KAP’s regard disclosure related to those items you found to
be significant either in terms of activities that drive (create)
corporate value via the KSF’s identified in draft 1 or
significant asset or liability items that materially affect the
user’s view of the company.
o This means that depreciation methods and inventory
accounting methods are typically NOT considered
KAP’s for the purpose of this analysis.
o Significant asset and liability items can include (and
are not limited to) the extent, relative mix and use of
operating vs. capital leases; defined benefit plan
pension liabilities (and expenses) as they are based on
actuarial assumptions; commodity, interest-rate, and
currency derivative risk management exposure,
disclosure and assumptions; Off balance-sheet
collateralized debt obligations; etc.
o A very broad perspective is used when defining KAP’s
in that it looks at overall disclosure related to things
the valuation analyst finds important and not just the
underlying debits and credits.
o This section still involves and industry perspective, so
you must look at the 10-K’s of the company you are
valuing as well as the 10-K’s of the main competitors
in the industry
Finance 3321(Moore) Draft 2 Requirements – Valuation Project
2. Assess Degree of Potential Accounting Flexibility
Again, this relates to the flexibility related to those items you
identify as KAP’s.
Be specific. Use institutional knowledge of GAAP and look at
relative disclosures among firms in the industry.
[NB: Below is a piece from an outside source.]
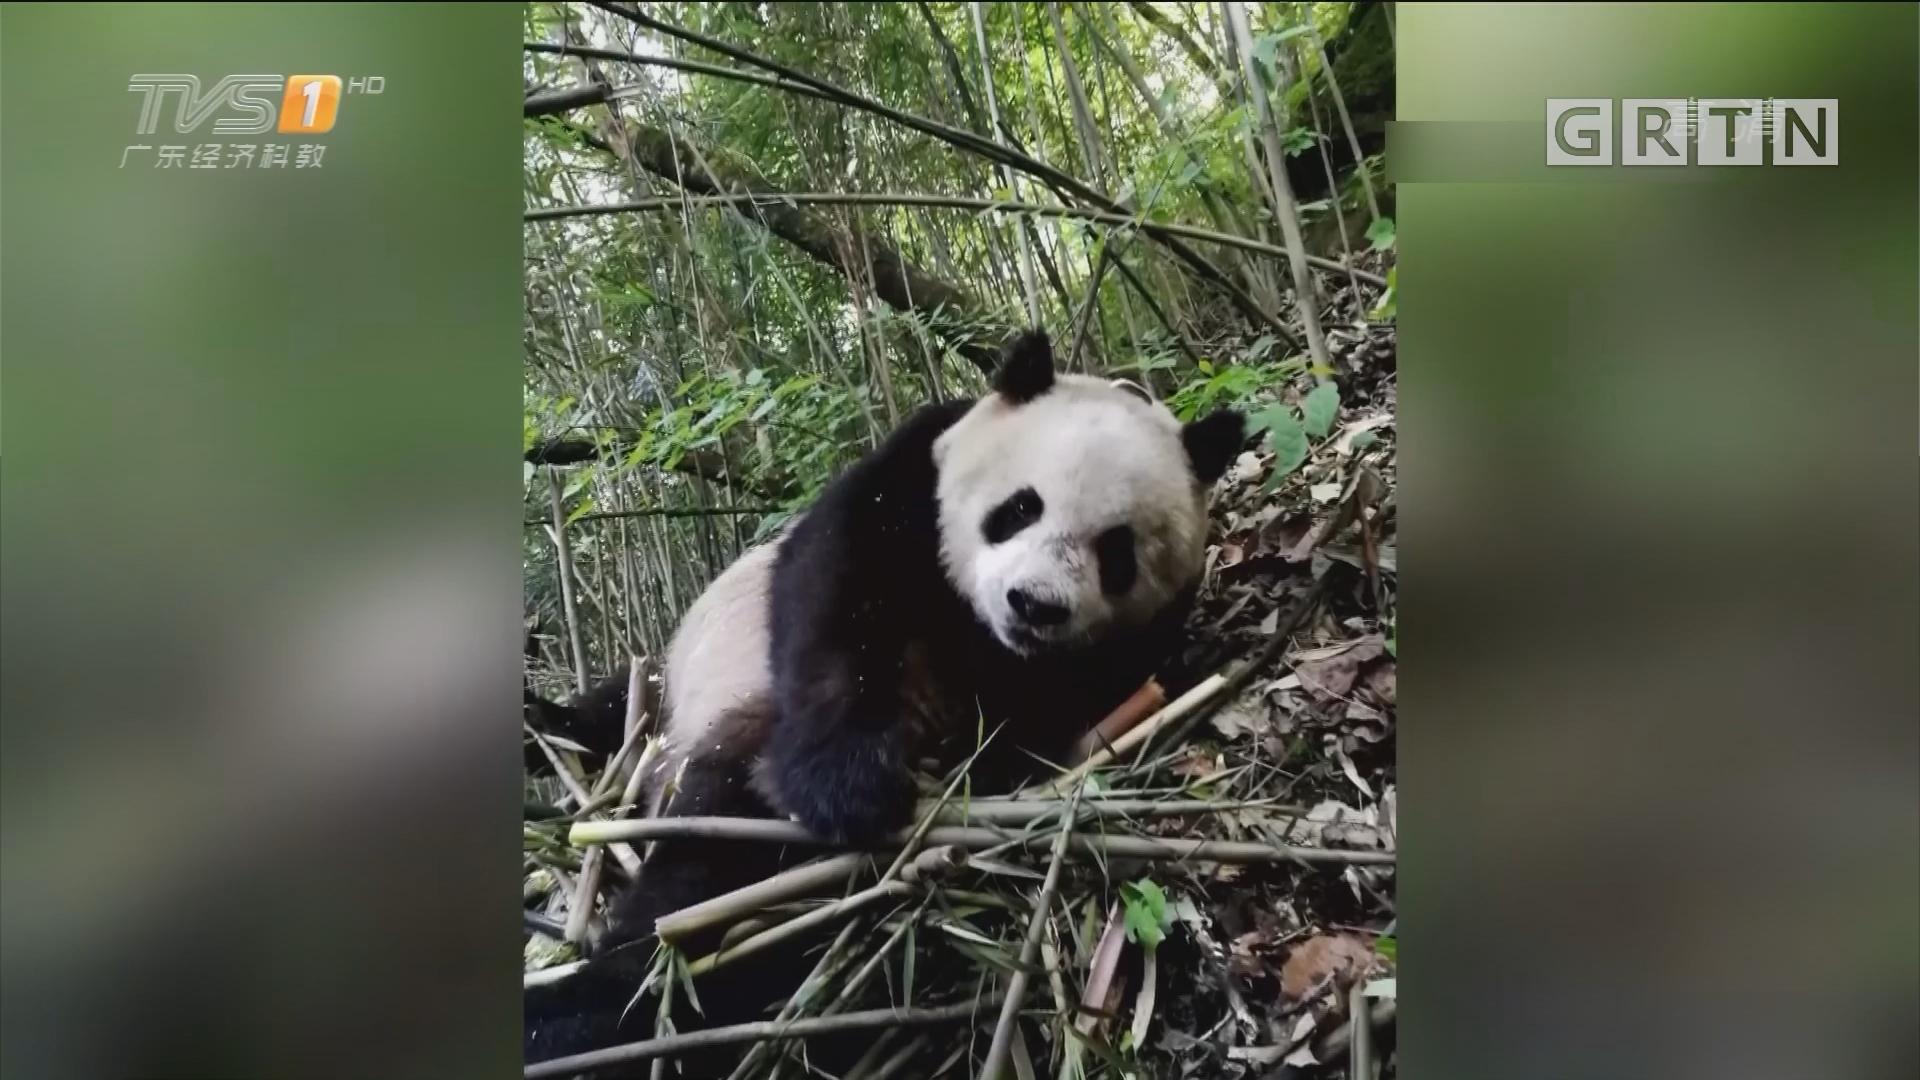 陕西佛坪:游客偶遇悠闲散步野生大熊猫

3. Evaluate Actual Accounting Strategy
Accounting strategy includes two basic dimensions:
o First, you need to assess whether your company is a
high disclosure company (levels of dis-aggregation,
segment reporting, extensive discussion and disclosure
within the financial report related to those items you
find important in assessing value) vs. low disclosure
(minimal reporting that satisfies GAAP).
o Second, you need to assess (within the confines of
accounting flexibility on the KAP’s whether the
company is conservative (leads to lower reported
earning) or aggressive (leads to higher reported
earnings) in its choice of accounting policies. Make
sure to do this on an absolute and relative basis.
4. Evaluate the Quality of Disclosure
Qualitative Analysis
o This is essentially a matter of opinion (logical
argumentation) that is grounded in supportive facts
that lead to your conclusion. Main issue is overall
transparency and decision usefulness of the financial
reporting information. Ultimately, does the financial
information presented by the company provide
sufficient decision useful information that satisfies your
information needs (level of disclosure, discussion,
analysis, dis-aggregation, appropriate segment
disclosure, etc. This analysis should be prepared on
both an absolute and relative basis.
Quantitative Analysis
o Prepare a cross sectional and time series analysis
using the revenue manipulation and expense
manipulation diagnostic ratios. Analyze and report
your findings.
Finance 3321(Moore) Draft 2 Requirements – Valuation Project
5. Identify Potential “Red Flags”
Previous Qualitative and Quantitative Factors.
Asset Write-offs. 4th quarter adjustments. Related Party
transactions; Special purpose entities
6. Undo Accounting Distortions
Should you determine that significant balance sheet and
income statement items are materially misstated (for the
purpose of your analysis), then restate the financial statements
based upon your analysis.
Items that sometimes arise are overstated inventory (resulting
from understated obsolescence rates), capitalizing operating
leases (GAAP is not in violation, but off-balance sheet assets
and liabilities are present that materially affect your
assessments of resources and liabilities); capitalizing research
and development, restating collateralized debt obligations and
incorporating special purpose entities into the financials.
You will only want to restate when the items materially alter your
perception of the underlying company.